Thread: Parallel download of rpm packages

  1. #1
    Join Date
    Mar 2020
    Location
    São Leopoldo, RS, Brazil
    Posts
    281

    Default Parallel download of rpm packages

    Zypper downloads packages serially, and having about a thousand packages to update a week, it gets quite boring. Also, while zypper can download packages one-by-one in advance, it can't be called concurrently. I found the libzypp-bindings project but it is discontinued. I set myself to improve the situation.

    Goals:


    • Download all repositories in parallel (most often different servers);
    • Download up to MAX_PROC (=6) packages from each repository in parallel;
    • Save packages where zypper picks them up during system update: /var/cache/zypp/packages;
    • Alternatively, download to $HOME/.cache/zypp/packages;
    • Avoid external dependencies, unless necessary.


    Outline:


    1. Find the list of packages to update;
    2. Find the list of repositories;
    3. For each repository:
      1. Keep up to $MAX_PROC curl processes downloading packages.
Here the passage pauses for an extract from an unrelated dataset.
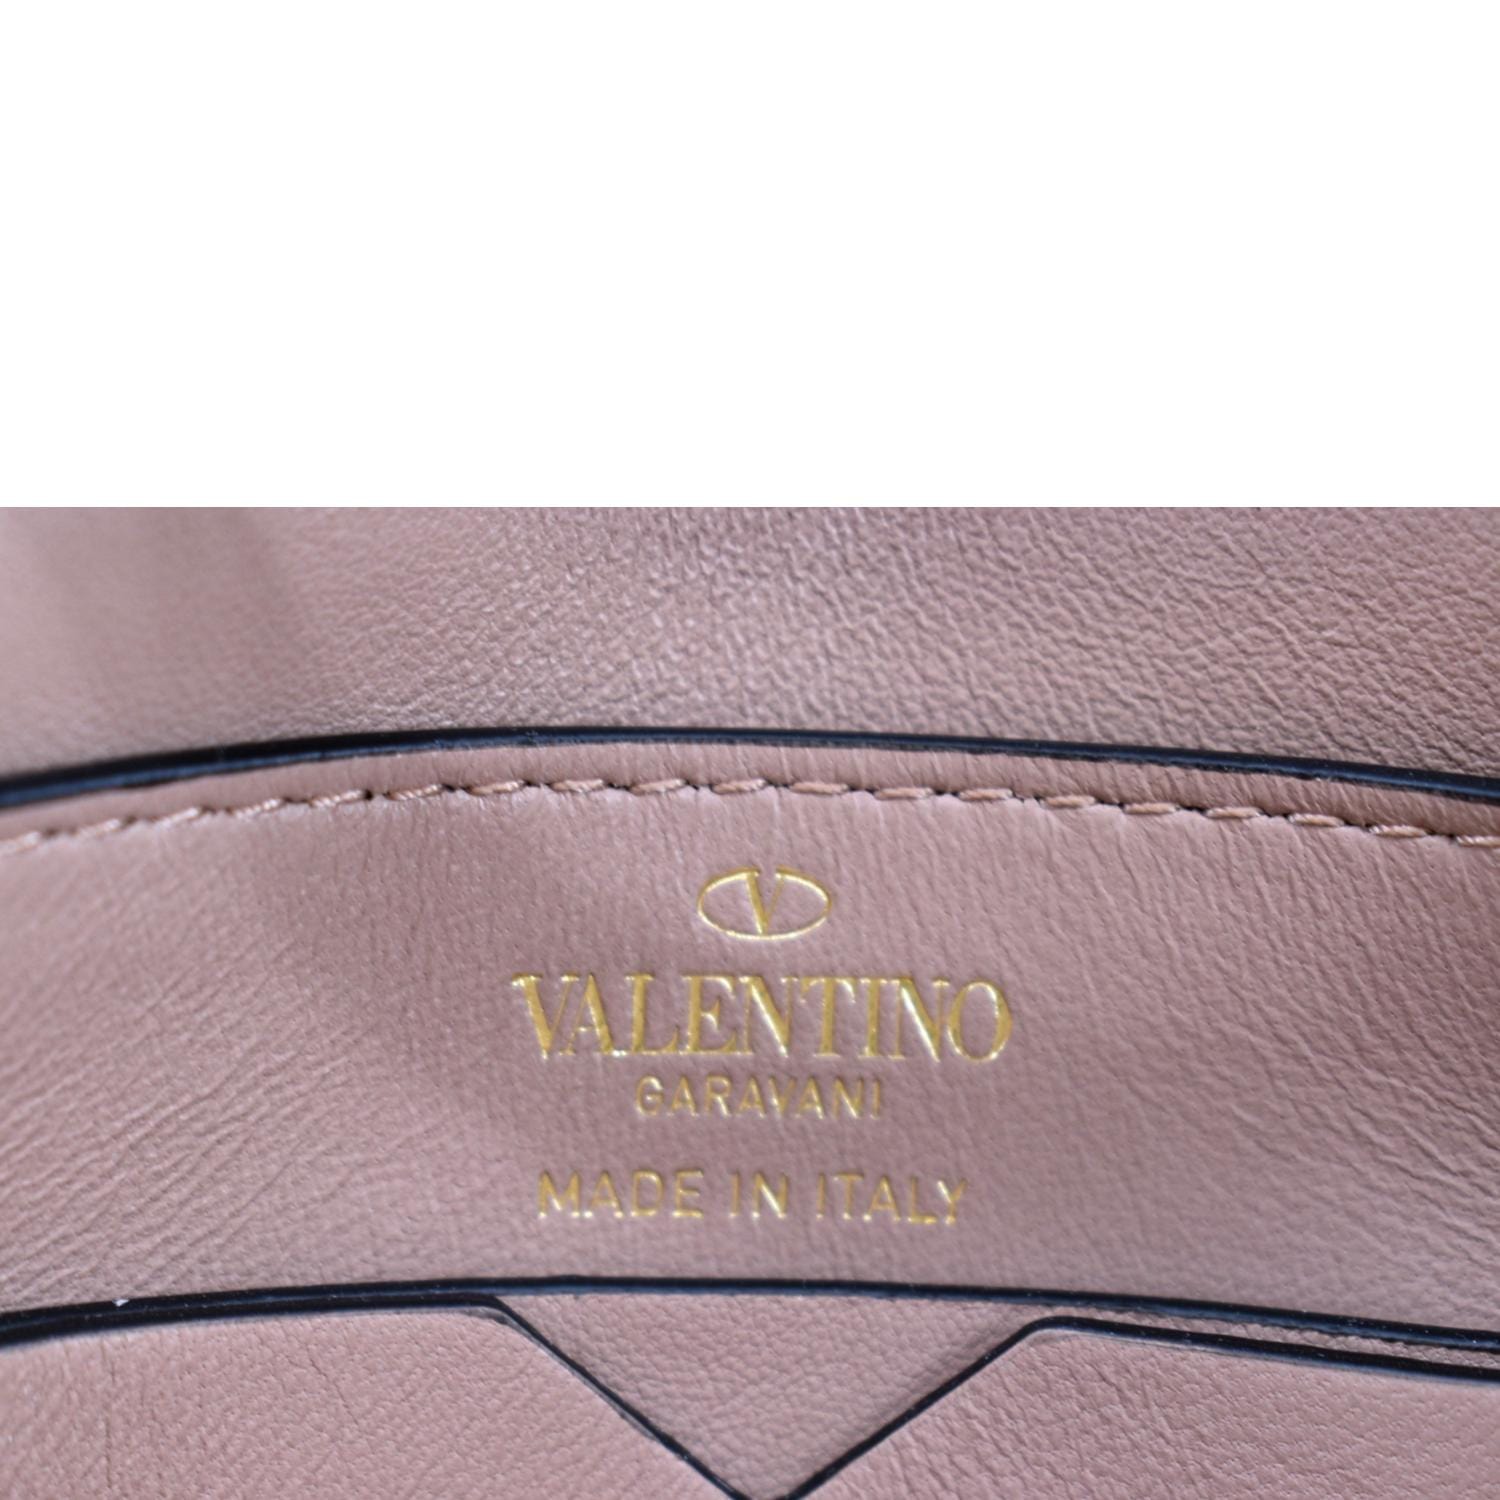 One Stud Leather Shoulder Bag in Pink - Valentino Garavani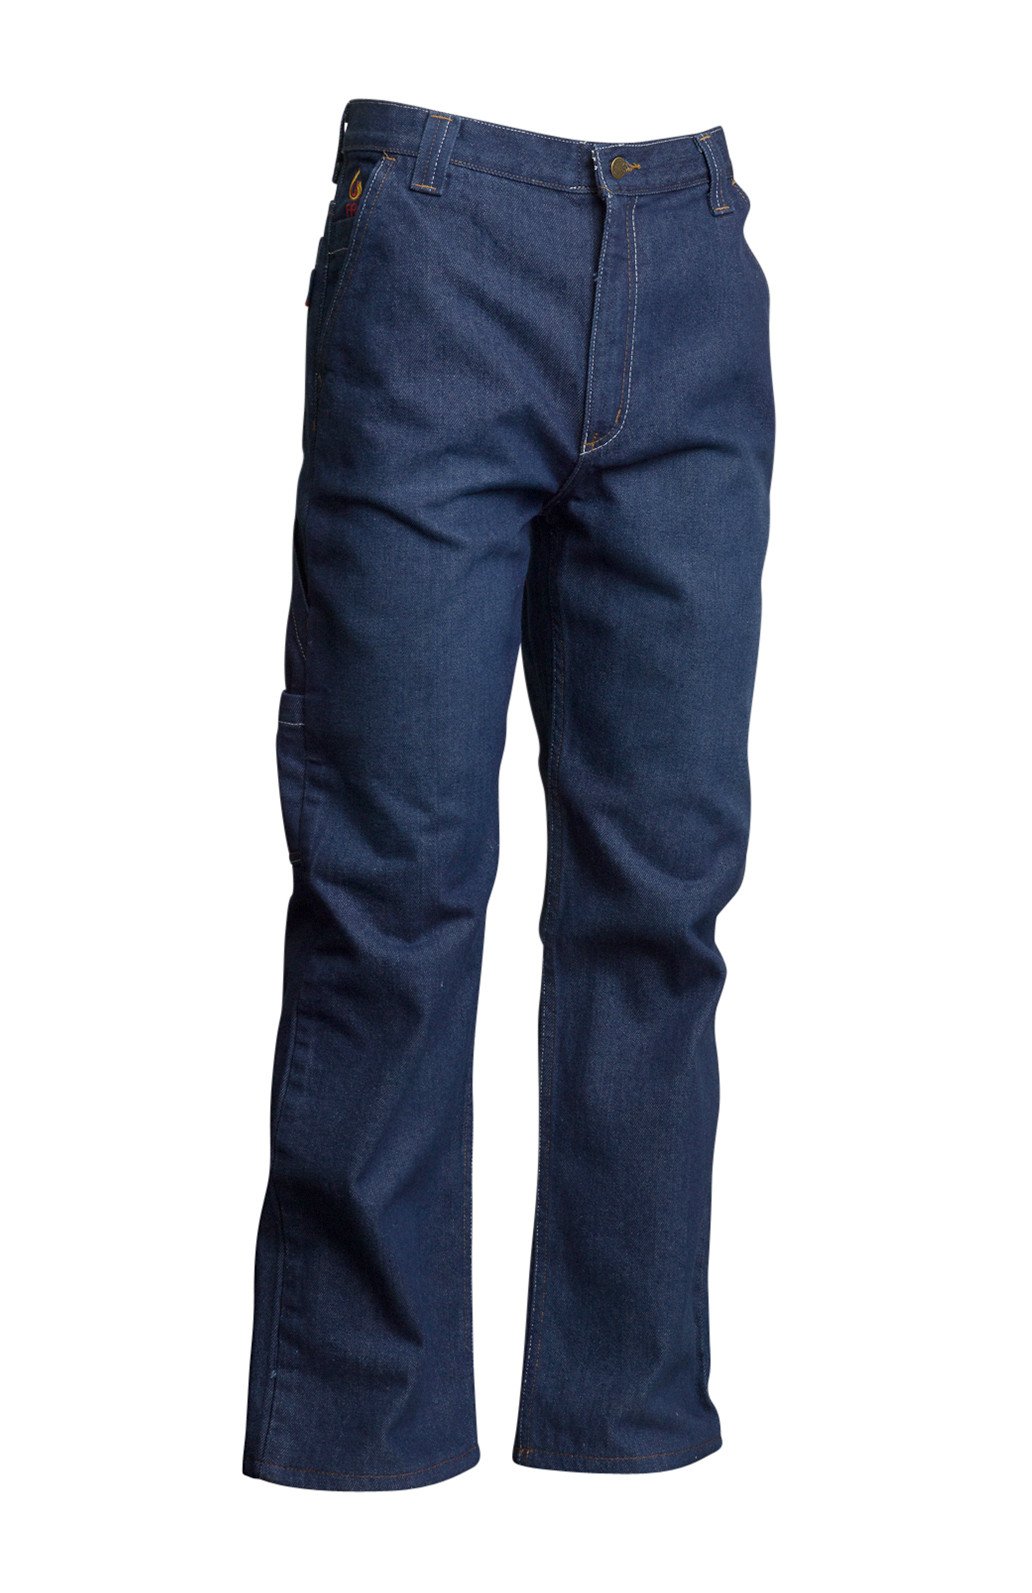 LAPCO - FR Carpenter Denim Jeans #P-INDC-AGI

    4. Copy files to default package cache.


    Results & Open Issues:


    1. Great throughput: 2,152 kb/s vs 783 kb/s;
    2. zypper list-updates doesn't give new required/recommended packages, so they are not present in cache with my routine. Any tip to get them as well?
    3. I'm not sure if wait -n returns to the same background function that dispatched a download request, or if any can capture the "wait", or all of them resume from a single process exit. This may lead to unbalanced MAX_PROC per repository, specially if a single & different process capture the wait. Does someone knows which primitive the wait is modeled after (mutex/semaphore, etc) or how it works when there's more than one wait?
    4. Also I'm not sure if I should just use the local cache or the system cache, although it's a minor issue.


    Code:
    #!/bin/bash
    
    MAX_PROC=6
    
    function repos_to_update () {
        zypper list-updates | grep '^v ' | awk -F '|' '{ print $2 }' | sort --unique | tr -d ' '
    }
    
    function packages_from_repo () {
        local repo=$1
    
        zypper list-updates | grep " | $repo " | awk -F '|' '{ print $6, "#", $3, "-", $5, ".", $6, ".rpm" }' | tr -d ' '
    }
    
    function repo_uri () {
        local repo=$1
    
        zypper repos --uri | grep " | $repo " | awk -F '|' '{ print $7 }' | tr -d ' '
    }
    
    function repo_alias () {
        local repo=$1
    
        zypper repos | grep " | $repo " | awk -F '|' '{ print $2 }' | tr -d ' '
    }
    
    function download_package () {
        local alias=$1
        local uri=$2
        local line=$3
        IFS=# read arch package_name <<< "$line"
    
        local package_uri="$uri/$arch/$package_name"
        local local_dir="$HOME/.cache/zypp/packages/$alias/$arch"
        local local_path="$local_dir/$package_name"
        printf -v y %-30s "$repo"
        printf "Repository: $y Package: $package_name\n"
        if [ ! -f "$local_path" ]; then
            mkdir -p $local_dir
            curl --silent --fail -L -o $local_path $package_uri
        fi
    }
    
    function download_repo () {
        local repo=$1
    
        local uri=$(repo_uri $repo)
        local alias=$(repo_alias $repo)
        local pkgs=$(packages_from_repo $repo)
        local max_proc=$MAX_PROC
        while IFS= read -r line; do
            if [ $max_proc -eq 0 ]; then
                wait -n
                ((max_proc++))
            fi
            download_package "$alias" "$uri" "$line" &
            ((max_proc--))
        done <<< "$pkgs"
    }
    
    function download_all () {
        local repos=$(repos_to_update)
        while IFS= read -r line; do
            download_repo $line &
        done <<< "$repos"
        wait
    }
    
    download_all
    #sudo cp -r ~/.cache/zypp/packages/* /var/cache/zypp/packages/
    openSUSE Tumbleweed

  2. #2
    Join Date
    Aug 2010
    Location
    Chicago suburbs
    Posts
    14,852
    Blog Entries
    3

    Default Re: Parallel download of rpm packages

    You can do:
    Code:
    zypper dup --download-only
    Do that ahead of time, while you are using your computer for other things.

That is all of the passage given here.